### Activity
Gather, from the data below, each line in which the word "unique" occurs.

### Exercise inputs
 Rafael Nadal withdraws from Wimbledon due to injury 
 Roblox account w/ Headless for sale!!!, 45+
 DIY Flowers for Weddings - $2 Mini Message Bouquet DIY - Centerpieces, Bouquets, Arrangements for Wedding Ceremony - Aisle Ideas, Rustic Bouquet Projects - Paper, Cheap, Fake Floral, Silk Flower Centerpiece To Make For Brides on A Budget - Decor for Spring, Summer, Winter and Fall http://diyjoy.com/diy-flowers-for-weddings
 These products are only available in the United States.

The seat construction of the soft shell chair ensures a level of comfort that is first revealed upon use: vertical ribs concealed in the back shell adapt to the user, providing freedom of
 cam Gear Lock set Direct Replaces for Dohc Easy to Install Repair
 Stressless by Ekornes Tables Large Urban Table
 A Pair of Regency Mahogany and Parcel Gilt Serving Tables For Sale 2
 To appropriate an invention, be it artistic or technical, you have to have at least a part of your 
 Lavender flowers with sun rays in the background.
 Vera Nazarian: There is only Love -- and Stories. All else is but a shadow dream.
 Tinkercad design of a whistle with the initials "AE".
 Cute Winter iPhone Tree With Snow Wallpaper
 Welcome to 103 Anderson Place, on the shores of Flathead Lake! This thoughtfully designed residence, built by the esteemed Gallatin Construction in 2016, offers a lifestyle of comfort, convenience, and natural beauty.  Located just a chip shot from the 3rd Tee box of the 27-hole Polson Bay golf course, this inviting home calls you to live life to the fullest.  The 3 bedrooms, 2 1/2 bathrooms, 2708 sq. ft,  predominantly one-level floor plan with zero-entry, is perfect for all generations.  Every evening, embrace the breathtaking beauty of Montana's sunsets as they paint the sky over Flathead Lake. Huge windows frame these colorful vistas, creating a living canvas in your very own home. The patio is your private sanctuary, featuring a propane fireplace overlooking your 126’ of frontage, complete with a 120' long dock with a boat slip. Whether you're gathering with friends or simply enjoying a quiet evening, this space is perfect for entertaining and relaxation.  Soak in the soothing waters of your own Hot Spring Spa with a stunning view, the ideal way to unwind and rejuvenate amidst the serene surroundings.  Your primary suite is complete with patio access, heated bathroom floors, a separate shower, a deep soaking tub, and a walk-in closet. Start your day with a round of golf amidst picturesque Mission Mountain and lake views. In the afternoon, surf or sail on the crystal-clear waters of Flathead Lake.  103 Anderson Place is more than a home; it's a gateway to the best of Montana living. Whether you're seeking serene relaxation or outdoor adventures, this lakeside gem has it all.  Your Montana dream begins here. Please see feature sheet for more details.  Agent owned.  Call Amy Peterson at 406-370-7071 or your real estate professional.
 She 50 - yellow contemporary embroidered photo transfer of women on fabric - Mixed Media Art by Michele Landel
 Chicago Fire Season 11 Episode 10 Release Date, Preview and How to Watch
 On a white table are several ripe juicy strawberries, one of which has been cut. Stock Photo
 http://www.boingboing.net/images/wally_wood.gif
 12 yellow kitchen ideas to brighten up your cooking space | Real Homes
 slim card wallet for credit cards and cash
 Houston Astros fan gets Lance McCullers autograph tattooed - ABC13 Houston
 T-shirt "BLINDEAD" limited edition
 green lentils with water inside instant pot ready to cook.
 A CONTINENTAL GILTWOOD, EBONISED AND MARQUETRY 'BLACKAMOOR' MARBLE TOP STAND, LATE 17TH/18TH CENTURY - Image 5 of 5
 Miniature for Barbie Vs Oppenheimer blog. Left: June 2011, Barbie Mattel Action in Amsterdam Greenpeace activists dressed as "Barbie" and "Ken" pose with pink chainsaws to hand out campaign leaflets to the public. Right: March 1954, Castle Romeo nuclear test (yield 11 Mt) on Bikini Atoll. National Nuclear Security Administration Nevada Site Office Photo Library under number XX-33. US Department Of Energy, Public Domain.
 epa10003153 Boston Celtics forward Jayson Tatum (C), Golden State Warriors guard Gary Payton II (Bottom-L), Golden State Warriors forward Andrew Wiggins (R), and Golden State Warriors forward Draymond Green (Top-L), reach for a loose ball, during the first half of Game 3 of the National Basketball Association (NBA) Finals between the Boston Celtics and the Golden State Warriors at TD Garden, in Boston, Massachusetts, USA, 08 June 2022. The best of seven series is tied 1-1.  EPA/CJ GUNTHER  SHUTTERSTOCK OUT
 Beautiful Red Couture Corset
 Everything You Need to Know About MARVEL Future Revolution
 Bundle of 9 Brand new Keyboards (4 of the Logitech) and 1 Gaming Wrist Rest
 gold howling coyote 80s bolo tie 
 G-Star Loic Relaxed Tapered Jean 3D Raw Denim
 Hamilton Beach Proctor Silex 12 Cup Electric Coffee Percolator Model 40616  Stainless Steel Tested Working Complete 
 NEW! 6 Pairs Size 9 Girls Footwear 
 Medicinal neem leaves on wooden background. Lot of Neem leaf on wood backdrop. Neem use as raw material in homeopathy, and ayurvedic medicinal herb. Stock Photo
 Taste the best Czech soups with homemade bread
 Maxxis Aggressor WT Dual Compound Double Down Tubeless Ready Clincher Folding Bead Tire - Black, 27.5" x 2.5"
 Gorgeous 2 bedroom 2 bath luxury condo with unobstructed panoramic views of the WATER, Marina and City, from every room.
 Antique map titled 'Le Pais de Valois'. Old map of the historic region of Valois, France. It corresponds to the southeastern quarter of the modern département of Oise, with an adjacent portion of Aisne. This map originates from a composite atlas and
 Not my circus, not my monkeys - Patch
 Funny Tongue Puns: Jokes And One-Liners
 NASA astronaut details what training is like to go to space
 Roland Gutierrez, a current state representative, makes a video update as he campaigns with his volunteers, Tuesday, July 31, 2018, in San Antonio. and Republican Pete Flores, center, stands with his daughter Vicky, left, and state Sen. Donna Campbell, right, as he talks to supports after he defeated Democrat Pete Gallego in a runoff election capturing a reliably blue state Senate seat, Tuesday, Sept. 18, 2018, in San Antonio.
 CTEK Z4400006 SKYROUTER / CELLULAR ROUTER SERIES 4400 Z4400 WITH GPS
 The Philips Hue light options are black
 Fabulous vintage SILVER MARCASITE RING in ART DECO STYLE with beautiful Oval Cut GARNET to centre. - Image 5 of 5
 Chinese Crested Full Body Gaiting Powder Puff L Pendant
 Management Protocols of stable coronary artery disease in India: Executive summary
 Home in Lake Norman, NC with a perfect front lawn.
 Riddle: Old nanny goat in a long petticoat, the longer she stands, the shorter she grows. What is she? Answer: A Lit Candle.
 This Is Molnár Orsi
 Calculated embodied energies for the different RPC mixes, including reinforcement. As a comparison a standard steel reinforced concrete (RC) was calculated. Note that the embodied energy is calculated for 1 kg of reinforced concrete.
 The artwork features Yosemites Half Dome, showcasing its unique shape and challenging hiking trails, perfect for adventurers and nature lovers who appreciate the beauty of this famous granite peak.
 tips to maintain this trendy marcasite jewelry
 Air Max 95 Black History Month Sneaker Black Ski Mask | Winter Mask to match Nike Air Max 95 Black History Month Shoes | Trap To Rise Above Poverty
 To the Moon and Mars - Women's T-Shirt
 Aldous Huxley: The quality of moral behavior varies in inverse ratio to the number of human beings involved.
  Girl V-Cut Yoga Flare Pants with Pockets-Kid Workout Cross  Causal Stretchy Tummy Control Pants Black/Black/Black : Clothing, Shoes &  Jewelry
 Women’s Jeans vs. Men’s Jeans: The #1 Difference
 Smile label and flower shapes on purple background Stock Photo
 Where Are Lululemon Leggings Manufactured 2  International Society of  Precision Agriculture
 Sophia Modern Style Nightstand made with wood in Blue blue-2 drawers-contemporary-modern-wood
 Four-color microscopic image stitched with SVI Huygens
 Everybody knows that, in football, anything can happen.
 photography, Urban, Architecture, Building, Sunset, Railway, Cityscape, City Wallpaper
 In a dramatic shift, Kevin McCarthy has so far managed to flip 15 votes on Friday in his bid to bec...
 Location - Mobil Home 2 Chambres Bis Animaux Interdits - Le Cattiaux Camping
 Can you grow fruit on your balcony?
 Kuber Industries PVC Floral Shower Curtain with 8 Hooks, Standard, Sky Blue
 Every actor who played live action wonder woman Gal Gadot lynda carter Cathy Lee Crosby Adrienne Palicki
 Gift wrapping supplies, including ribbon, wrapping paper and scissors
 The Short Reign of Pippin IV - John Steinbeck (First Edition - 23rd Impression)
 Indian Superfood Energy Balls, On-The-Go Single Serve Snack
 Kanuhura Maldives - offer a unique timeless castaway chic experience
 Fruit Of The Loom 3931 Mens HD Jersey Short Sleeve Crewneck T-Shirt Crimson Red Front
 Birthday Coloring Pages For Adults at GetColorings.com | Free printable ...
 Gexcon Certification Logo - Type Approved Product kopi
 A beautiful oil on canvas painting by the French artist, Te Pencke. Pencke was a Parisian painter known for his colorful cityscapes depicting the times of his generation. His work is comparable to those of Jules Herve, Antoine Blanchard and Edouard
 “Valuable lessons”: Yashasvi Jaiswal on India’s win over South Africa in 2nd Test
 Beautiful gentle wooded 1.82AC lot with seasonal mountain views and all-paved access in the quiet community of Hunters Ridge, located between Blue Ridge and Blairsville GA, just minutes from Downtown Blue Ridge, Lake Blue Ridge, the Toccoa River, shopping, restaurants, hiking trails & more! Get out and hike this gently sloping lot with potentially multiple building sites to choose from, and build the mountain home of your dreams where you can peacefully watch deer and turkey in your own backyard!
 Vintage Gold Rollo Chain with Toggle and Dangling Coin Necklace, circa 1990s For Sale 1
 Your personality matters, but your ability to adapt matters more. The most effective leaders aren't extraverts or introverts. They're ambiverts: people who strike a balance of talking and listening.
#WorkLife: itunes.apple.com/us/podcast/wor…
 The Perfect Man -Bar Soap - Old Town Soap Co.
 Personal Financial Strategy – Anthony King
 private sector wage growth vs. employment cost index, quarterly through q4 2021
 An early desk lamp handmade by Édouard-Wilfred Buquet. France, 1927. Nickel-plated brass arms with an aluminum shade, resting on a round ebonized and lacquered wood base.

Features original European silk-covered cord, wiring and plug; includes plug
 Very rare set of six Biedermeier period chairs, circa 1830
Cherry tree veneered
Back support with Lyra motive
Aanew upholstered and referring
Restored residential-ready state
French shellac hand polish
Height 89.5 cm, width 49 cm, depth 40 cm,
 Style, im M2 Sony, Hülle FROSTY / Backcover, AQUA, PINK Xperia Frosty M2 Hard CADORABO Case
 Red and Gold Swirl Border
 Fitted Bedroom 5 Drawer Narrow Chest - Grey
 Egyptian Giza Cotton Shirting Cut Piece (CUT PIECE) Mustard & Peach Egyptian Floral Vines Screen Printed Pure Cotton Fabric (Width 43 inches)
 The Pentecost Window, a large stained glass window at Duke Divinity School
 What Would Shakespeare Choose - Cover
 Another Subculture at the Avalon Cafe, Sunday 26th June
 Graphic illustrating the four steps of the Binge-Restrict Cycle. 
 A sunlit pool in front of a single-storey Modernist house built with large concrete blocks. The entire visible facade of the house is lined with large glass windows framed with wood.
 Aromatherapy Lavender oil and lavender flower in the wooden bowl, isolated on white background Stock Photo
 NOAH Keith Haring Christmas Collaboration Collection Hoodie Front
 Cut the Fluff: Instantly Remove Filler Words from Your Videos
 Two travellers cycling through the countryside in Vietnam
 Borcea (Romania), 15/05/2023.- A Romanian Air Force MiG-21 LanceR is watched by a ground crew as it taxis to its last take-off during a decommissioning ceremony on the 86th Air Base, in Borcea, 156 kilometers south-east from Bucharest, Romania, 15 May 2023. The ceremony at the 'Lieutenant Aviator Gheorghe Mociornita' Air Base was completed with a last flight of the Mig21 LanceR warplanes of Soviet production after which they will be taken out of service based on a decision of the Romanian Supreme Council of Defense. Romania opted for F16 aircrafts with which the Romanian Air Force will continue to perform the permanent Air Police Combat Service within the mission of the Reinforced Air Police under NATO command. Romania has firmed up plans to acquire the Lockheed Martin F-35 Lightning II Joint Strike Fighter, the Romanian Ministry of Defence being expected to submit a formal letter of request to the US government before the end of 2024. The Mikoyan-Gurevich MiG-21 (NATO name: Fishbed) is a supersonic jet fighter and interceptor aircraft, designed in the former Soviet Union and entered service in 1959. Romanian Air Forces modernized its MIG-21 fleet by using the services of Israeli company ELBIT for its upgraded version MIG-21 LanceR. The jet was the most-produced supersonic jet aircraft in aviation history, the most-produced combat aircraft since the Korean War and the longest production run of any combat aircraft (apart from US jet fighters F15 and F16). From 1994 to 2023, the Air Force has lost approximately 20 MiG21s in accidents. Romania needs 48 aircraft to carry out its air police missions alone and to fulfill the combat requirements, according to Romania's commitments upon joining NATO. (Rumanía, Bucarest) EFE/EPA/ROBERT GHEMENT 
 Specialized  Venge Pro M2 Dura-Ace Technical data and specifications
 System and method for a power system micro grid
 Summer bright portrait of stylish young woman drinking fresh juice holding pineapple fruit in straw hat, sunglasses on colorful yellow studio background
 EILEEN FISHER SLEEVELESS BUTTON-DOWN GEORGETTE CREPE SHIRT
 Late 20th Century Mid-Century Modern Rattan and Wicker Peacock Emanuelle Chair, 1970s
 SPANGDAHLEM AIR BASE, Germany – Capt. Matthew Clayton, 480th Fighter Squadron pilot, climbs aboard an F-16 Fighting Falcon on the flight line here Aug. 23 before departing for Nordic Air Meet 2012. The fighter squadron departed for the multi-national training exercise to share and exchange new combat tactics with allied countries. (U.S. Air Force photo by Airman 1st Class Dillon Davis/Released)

### Solution for this task
 The artwork features Yosemites Half Dome, showcasing its unique shape and challenging hiking trails, perfect for adventurers and nature lovers who appreciate the beauty of this famous granite peak.
 Kanuhura Maldives - offer a unique timeless castaway chic experience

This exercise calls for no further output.